Macrocosmos published the introductory thesis behind IOTA (SN9), arguing that the next decade of AI economics will be decided by who extracts the most intelligence per installed watt rather than who installs the most GPUs.

The core idea is “liquid training”: converting AI training from a long-running, fragile, colocated workload into interruptible work that fills compute gaps rather than forming the bedrock. The proof points already exist on IOTA and through the published Orion-100B results, which trained 100B-parameter models at 30% of the cost of centralized paradigms using heterogeneous, non-frontier hardware.

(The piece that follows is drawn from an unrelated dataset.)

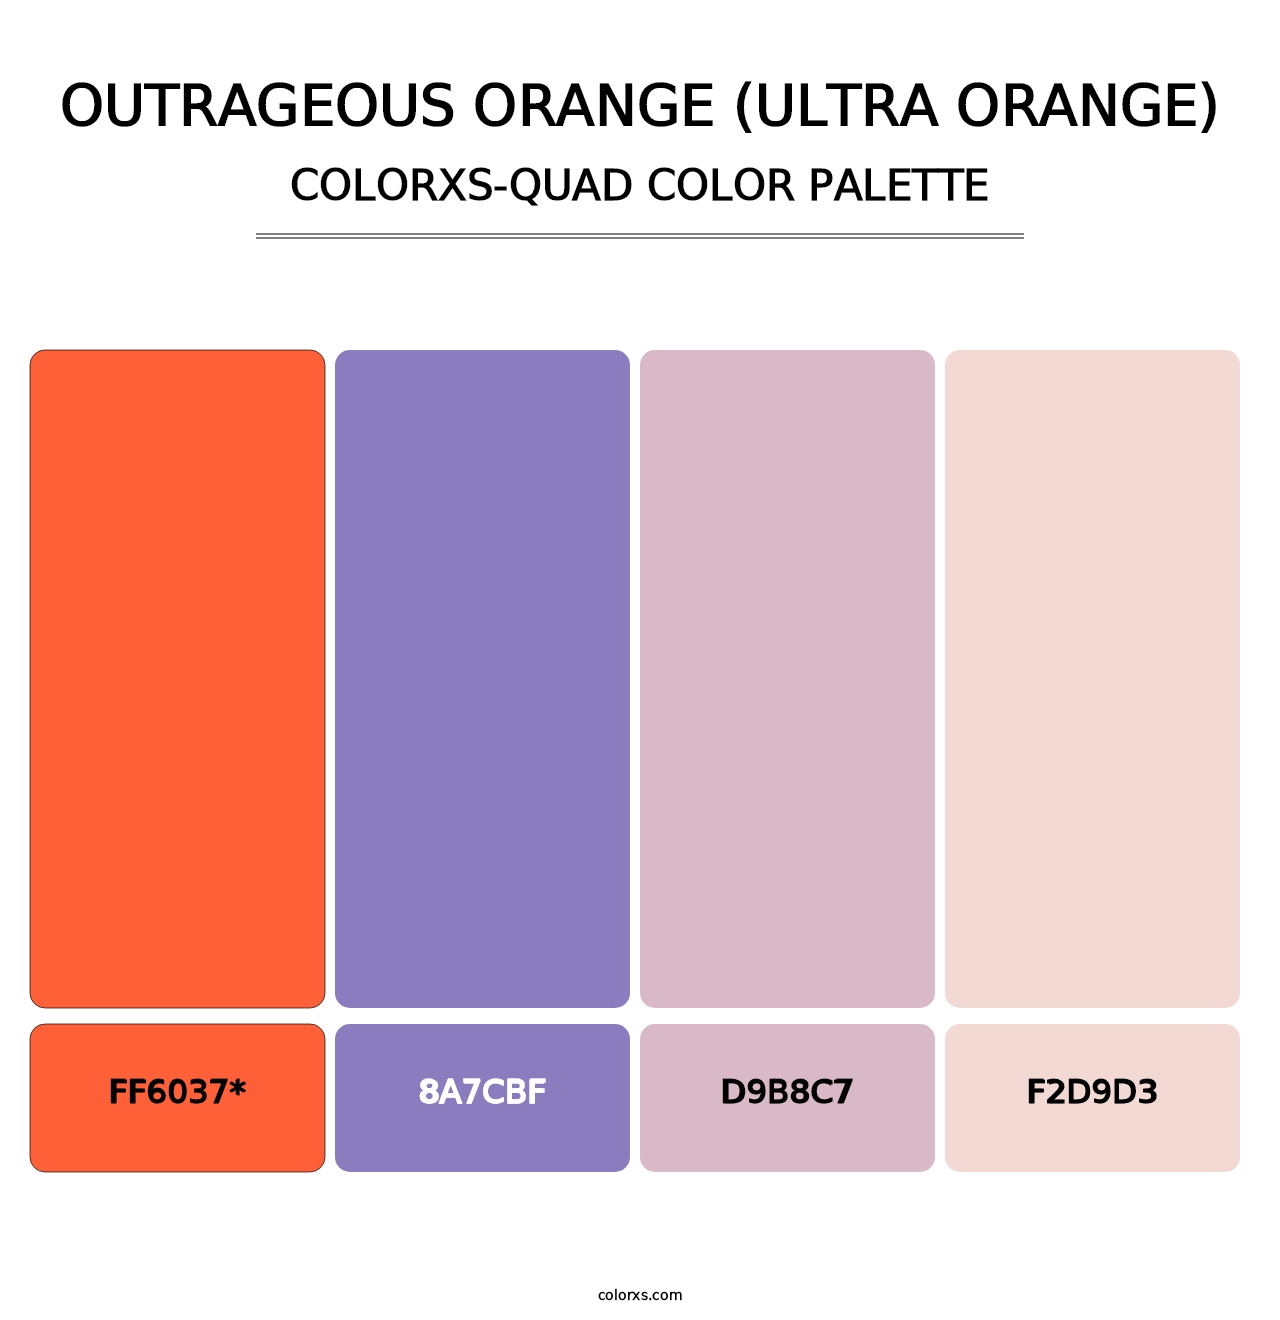 Outrageous Orange (Ultra Orange) - Colorxs Quad Palette

Macrocosmos is taking IOTA to market with pilot customers in the second half of 2026.
The Core Argument
Macrocosmos opens with a single observation: compute is the limiting reagent of modern intelligence, and the AI industry currently buys it the way the early-20th-century chemical industry bought crude oil.

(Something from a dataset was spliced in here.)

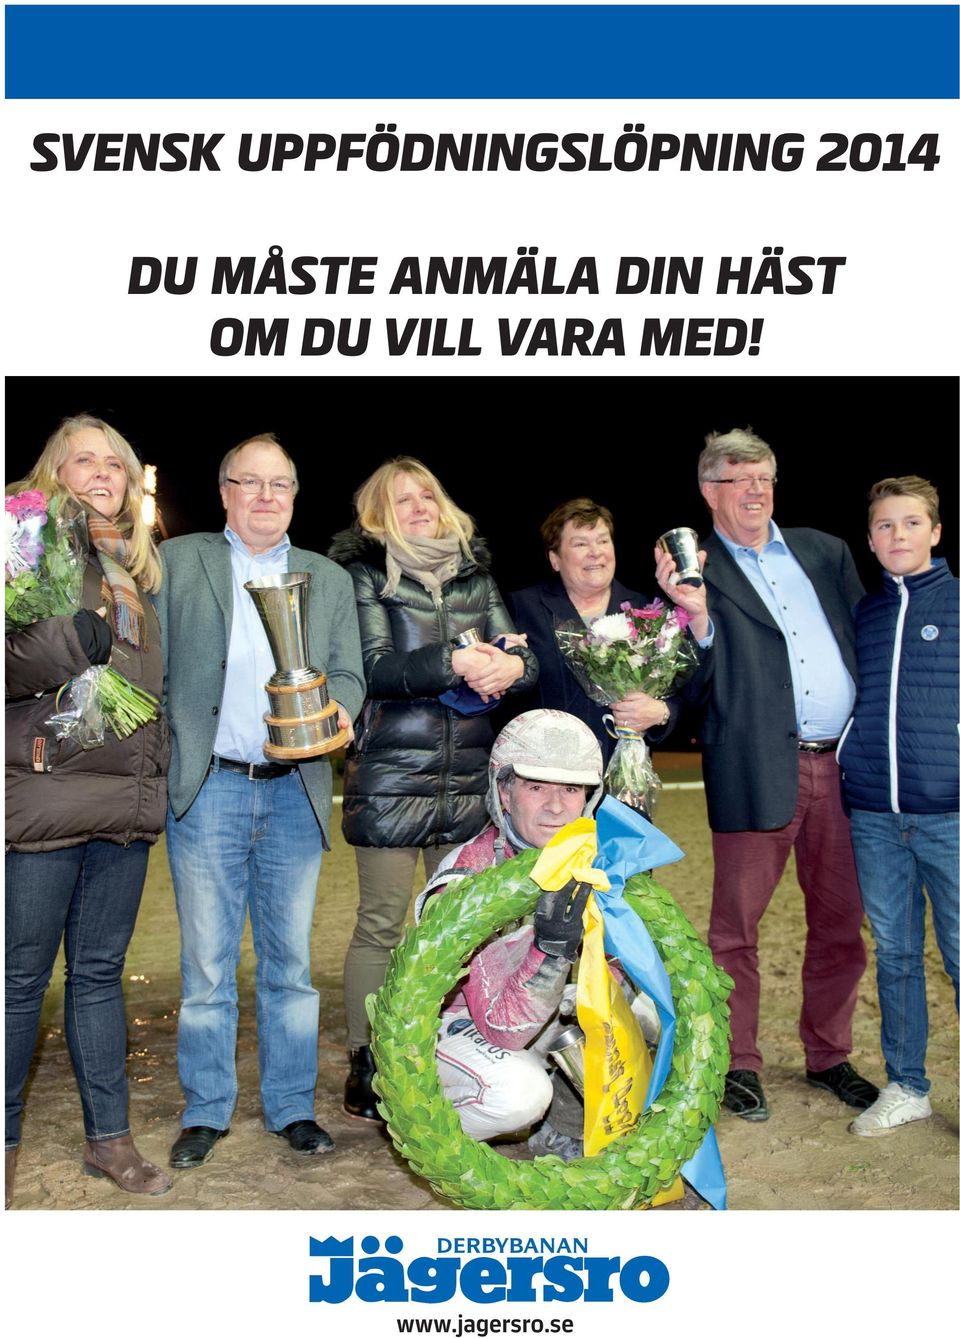 2014 DU MÅSTE ANMÄLA

Undifferentiated, in bulk, from a handful of integrated producers. The thesis breaks down as:
1. The Old Model Does Not Scale To Today’s Workloads
A monolithic buyer worked when there was one consumer. It breaks under dozens of training, inference, and fine-tuning workloads competing for the same finite GPU pool.
2. Efficiency, Not Capacity, Is The New Scarce Position
When everyone buys the same chips, the edge shifts from how much you own to how productively you use what you already have.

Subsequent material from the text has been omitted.